* _EXERCISE PROMPT_
From the data underneath, reproduce exactly the stretch that begins at the line with "Akash Basmati Rice 20kg - OFFER" and ends after the line with "(Ho kuchi☆nanatsuboshi-chū) Yokubō".

* _DATA EXTRACT_
------------------------------------

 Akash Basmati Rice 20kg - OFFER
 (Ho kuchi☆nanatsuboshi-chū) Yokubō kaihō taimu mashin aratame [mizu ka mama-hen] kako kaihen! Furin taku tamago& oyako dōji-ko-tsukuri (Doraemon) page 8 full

------------------------------------

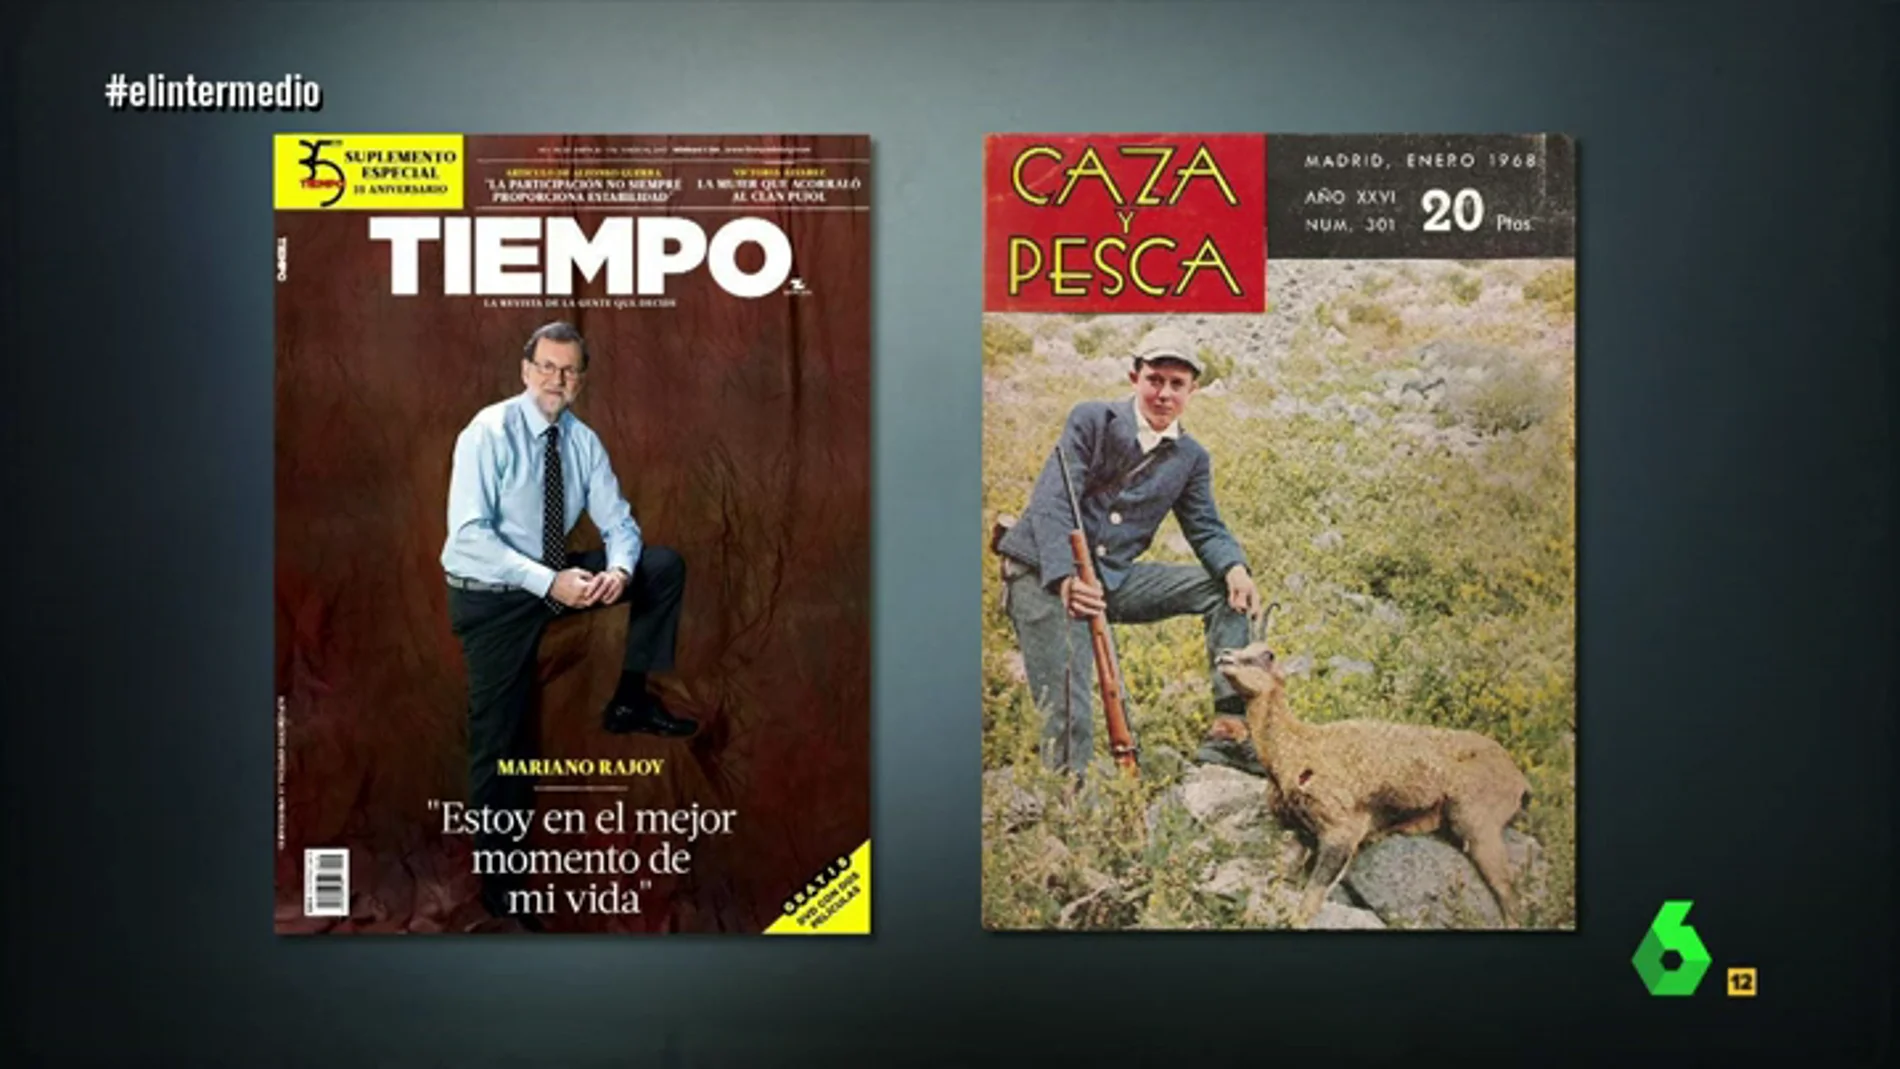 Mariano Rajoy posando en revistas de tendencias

------------------------------------

* _RESULT OF THIS TASK_
 Akash Basmati Rice 20kg - OFFER
 (Ho kuchi☆nanatsuboshi-chū) Yokubō kaihō taimu mashin aratame [mizu ka mama-hen] kako kaihen! Furin taku tamago& oyako dōji-ko-tsukuri (Doraemon) page 8 full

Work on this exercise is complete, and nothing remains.